2)The other places lancraft.exe in the wc3 directory, starts it, enters the hosters ip (the one hamachi assigns) and clicks join.

3)Go to LAN and the game will be there!!

I dont know how this works, but I had the same problem, and with this method it always works now.


----------



## StFu.oR.dIE

I'm playing warcraft III...the 1st time i download the hamachi ,my fren created a network and ive joined it.then i create a game and we can meet and play together,then in the night i create a network and ask my other fren to join,and then i create a game,but my fren cant find any game there in the LOCAL AREA NETWORK... what shud i do?


----------



## kr4zy4zn

Someone please solve this


----------



## noooooop

I'm having the same problem. Anyone found a fix for this yet?


----------



## rhommel

Hi, I had the same problem to play TFT with hamachi, also tried the hamachi/lancraft combination but it didn't work. I have a router and a LAN at home, and can play normally in this LAN, so I thought that warcraft was trying to use my "real" LAN instead of the hamachi "virtual" one. 
Then I tried to join my friend's game (both us in the same hamachi LAN) using lancraft, providing his hamachi IP to lancraft, but it failed. He does not have a "real" LAN as I do, so I think that warcraft uses the IP of the connection being used to connect to the internet instead of the hamachi IP, so that having a real LAN really doesn't matter...
If lancraft forces the warcraft player who wants to join to use the hamachi IP (of the host player) then what is missing is a way to force the host to have its warcraft use the hamachi IP as well, but I really don't know how to do this, and I'm not preety confident on my assumptions either, so, can anyone help?
Thanks in advance


----------



## Rawrmae

Its really simple.

1. Make sure you all have the same Warcraft Version. (1.20e is recommended)
2. Uninstall Hamachi.
3. Download Hamachi *1.0.1.5*
4. Reinstall Hamachi 1.0.1.5
5. Set up network
6. Play

If you still have problems after installing 1.0.1.5 your computer then:
1. Your computer hates you
2. You are gay
3. You should visit this link: http://logmeinwiki.com/wiki/Hamachi:Warcraft_3_-_Reign_of_Chaos,_The_Frozen_Throne


----------



## Teclcly

Warcraft III often wont use the Hamachi connection by default.

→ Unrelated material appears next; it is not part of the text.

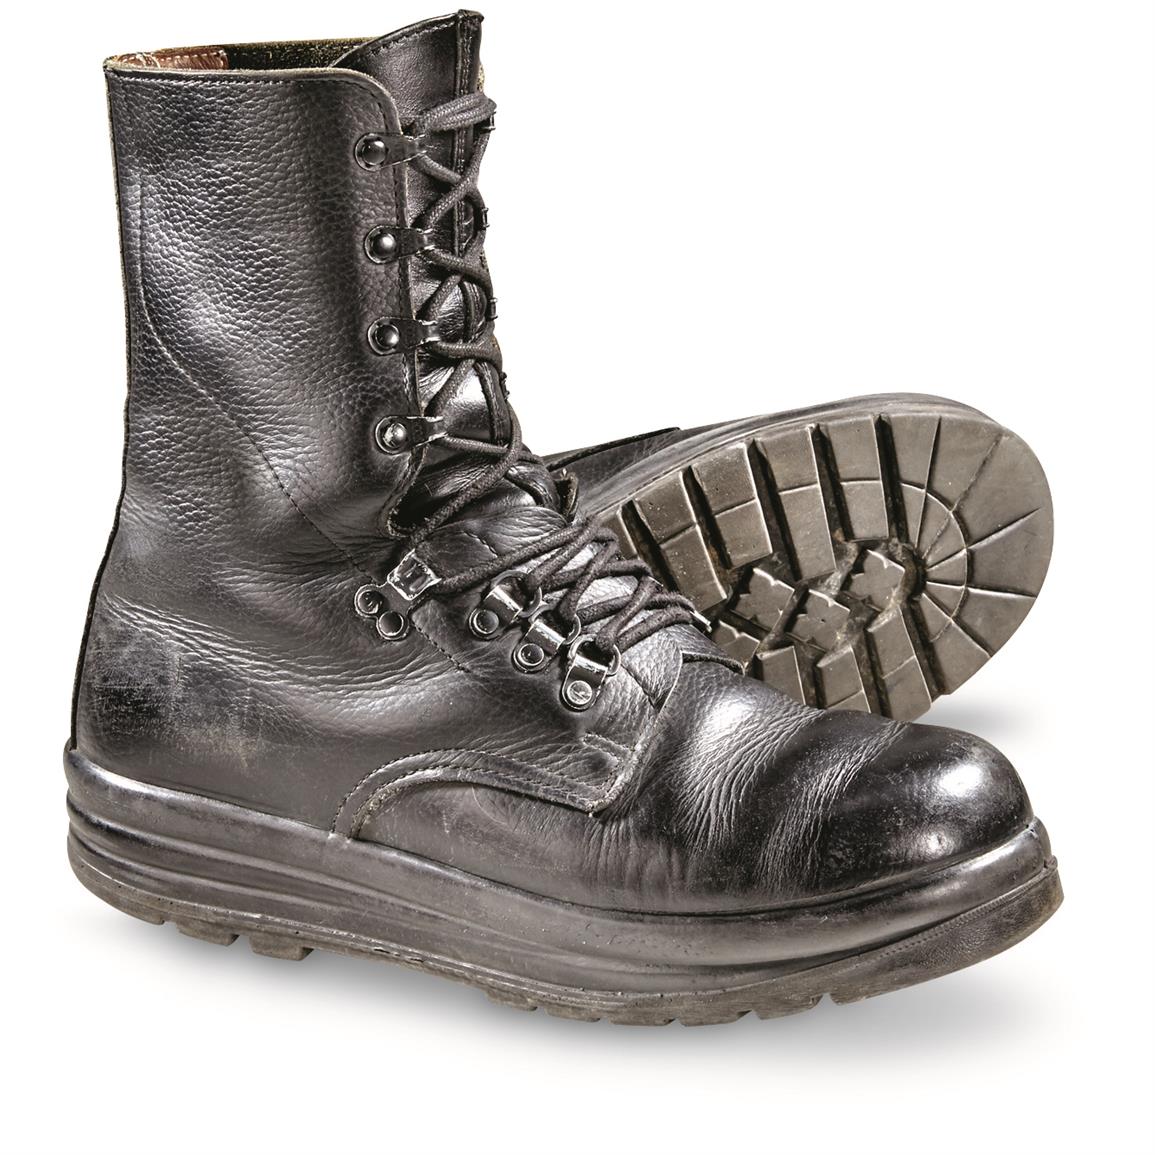 Swiss Military Surplus Waterproof Leather Combat Boots, Used - 667179 ...

Wc3 determines what IP to use dependent upon the Windows hierarchy for network devices. You need to move Hamachi to the top of this hierarchy in order for Wc3 to use that IP. You must do this on ALL computers that will be playing Wc3.

1. Open Network Connections.
2a. (VISTA) Press ALT to activate the Menu Bar.
2b. Click "Advanced" found in the menu bar.
3. Click Advanced Settigns (Opens the "Advanced Settings" dialog box).
4. In the top box, select "Hamachi".
5. Click the up arrow to the right until hamatchi is at the top.
6. Click "OK"
7. Restart/Start Wc3


----------